The situation is expected to get worse still. Due to the massive cuts faced by local government, by 2013-14 local authorities will have reduced their expenditure on adult social care by £2.7 billion—a massive 18% reduction when demand is increasing all the time. Clearly, this is not sustainable.
The Bill will do nothing to close the growing funding gap or to help the thousands of people who are already suffering with spiralling living costs and increases to home care costs. These people find themselves passed between care providers, often without any continuity of service.
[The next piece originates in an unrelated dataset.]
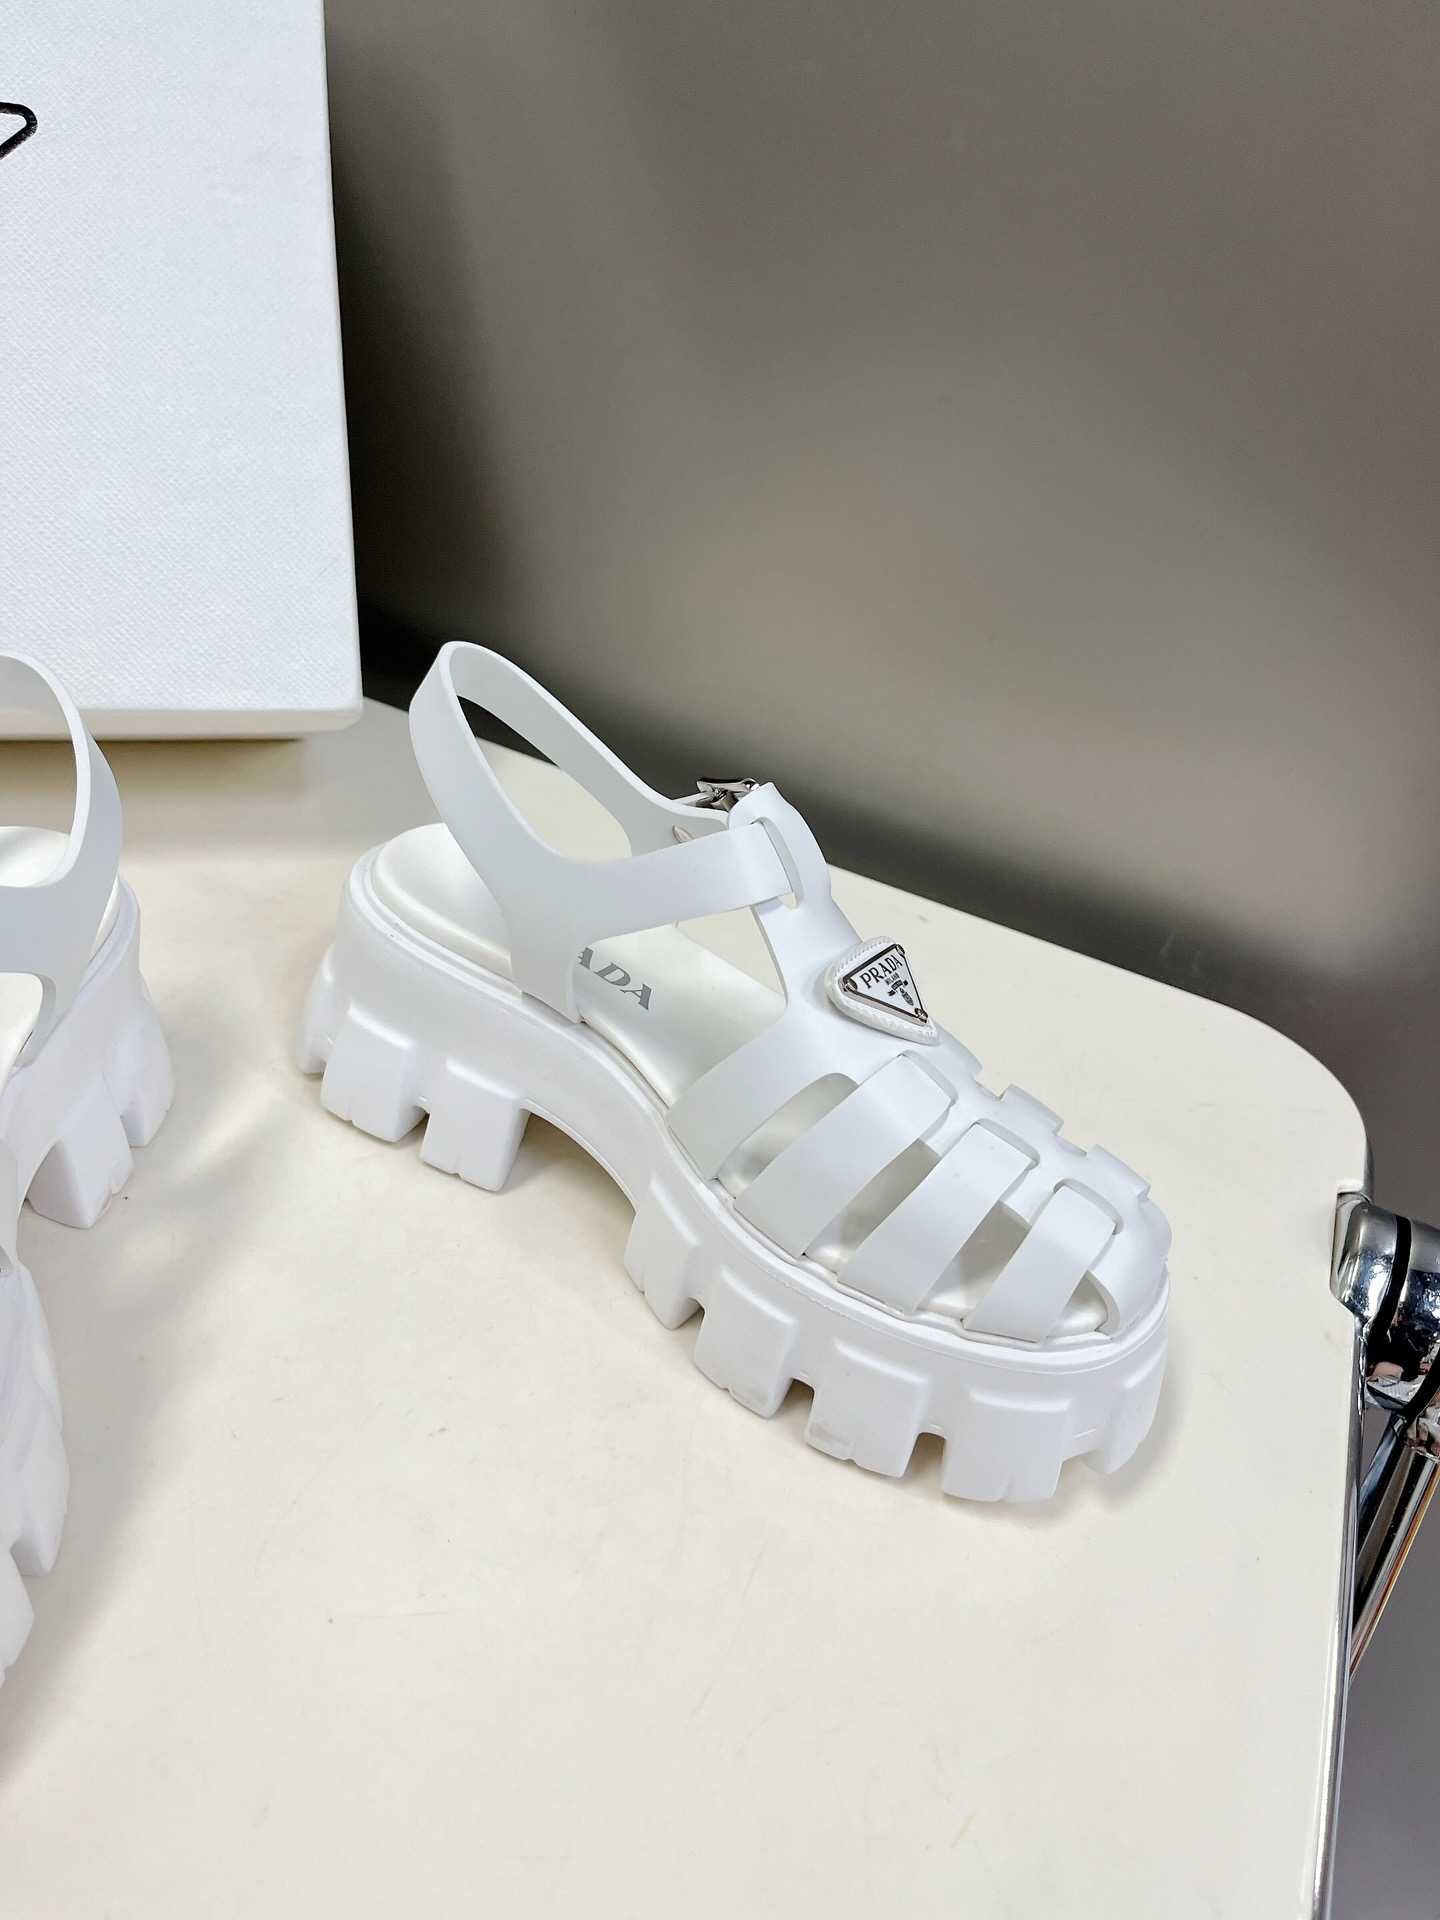 Sandale Prada Monolith alb, marimi 35-40, Premium
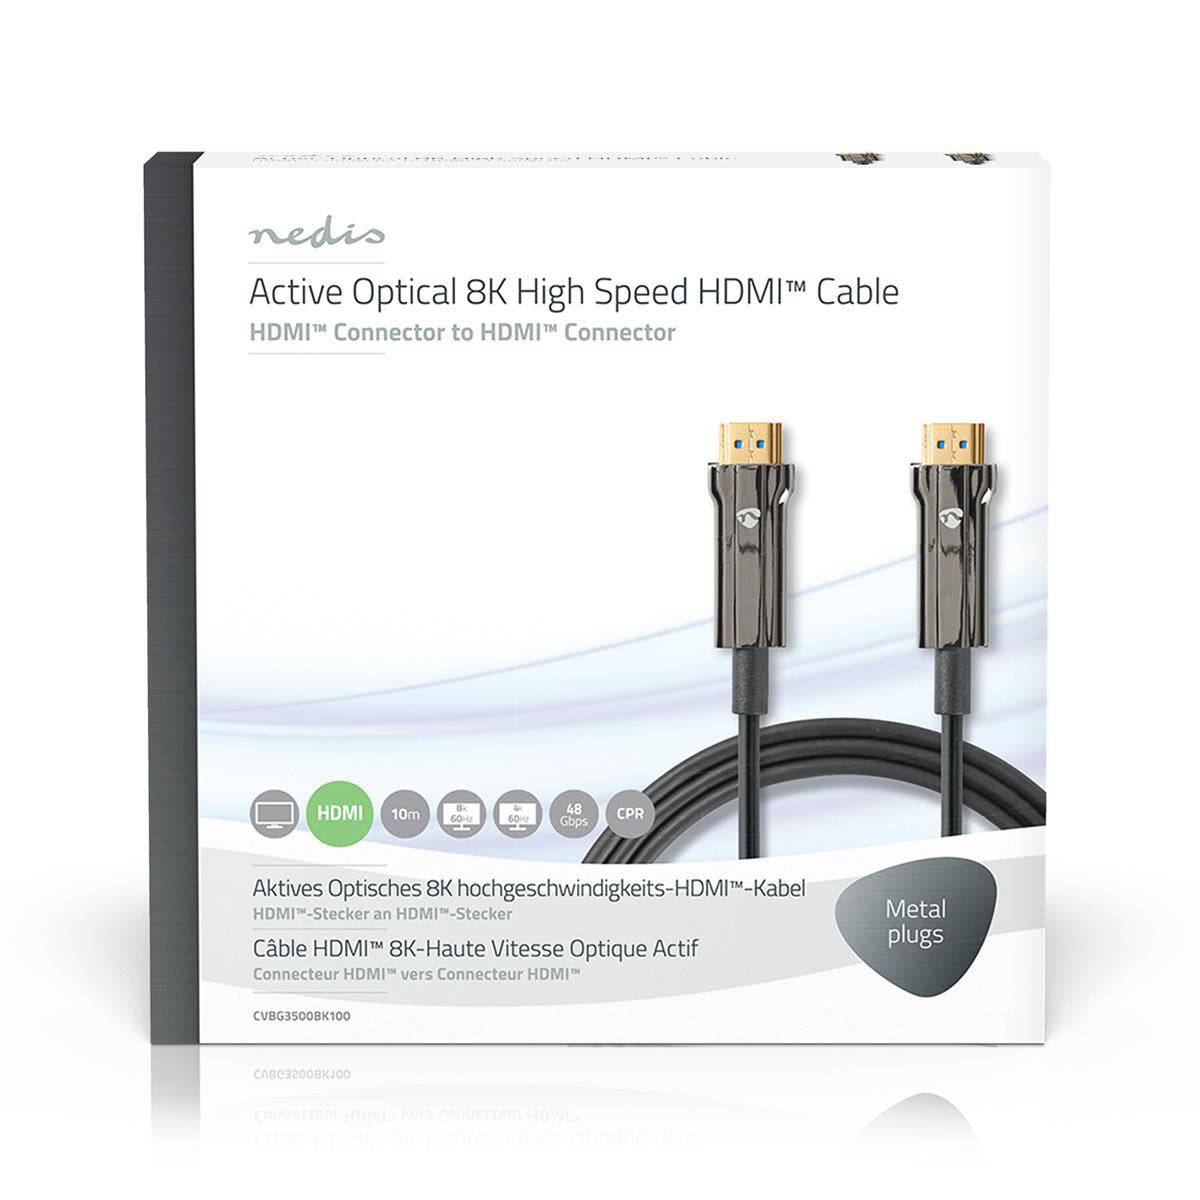 Aktive Optische Ultra High Speed HDMI-Kabel mit Ethernet | HDMI™ Stecker | HDMI™ Stecker | 8K@60Hz | 48 Gbps | 10.0 m | Rund | PVC | Schwarz | Kartonverpackung

We will all have heard about such experiences in our constituency surgeries. Many people are ending up in hospital unnecessarily because they are not getting the care they need at home. Similarly, the Government’s earlier decision to ignore Dilnot and the experts who recommended a maximum cap of £35,000 and set it at £72,000 plus accommodation costs will not help many of my constituents, particularly those on lower or middle incomes.
Where the Bill might make some meaningful progress is with regard to improved rights and support for carers, but, as several hon. Members have said, there are huge
gaps, particularly in identification of and support for young carers. That will need to be addressed as the Bill makes its way through the House. More needs to be done to support the various organisations that help carers. I work with a number of voluntary sector bodies in my local communities, and they are very worried that they will go out of business because they are not able to get enough resources to keep going.
Carers UK has set out some tests of this Bill. It says that it needs to be underpinned by appropriate funding, that it must promote the well-being and dignity of all our elderly residents, that it must ensure that independent advice is available to people and that there are appropriate advocacy services, that it should make sure that the criteria for people to get support are clear and transparent —it is no good just having assessments; they have to produce something in the form of appropriate levels of care—and that it must guarantee continuity of service and portability in whatever care support is given. I hope that as the Bill goes through the House it will be tested on those criteria.”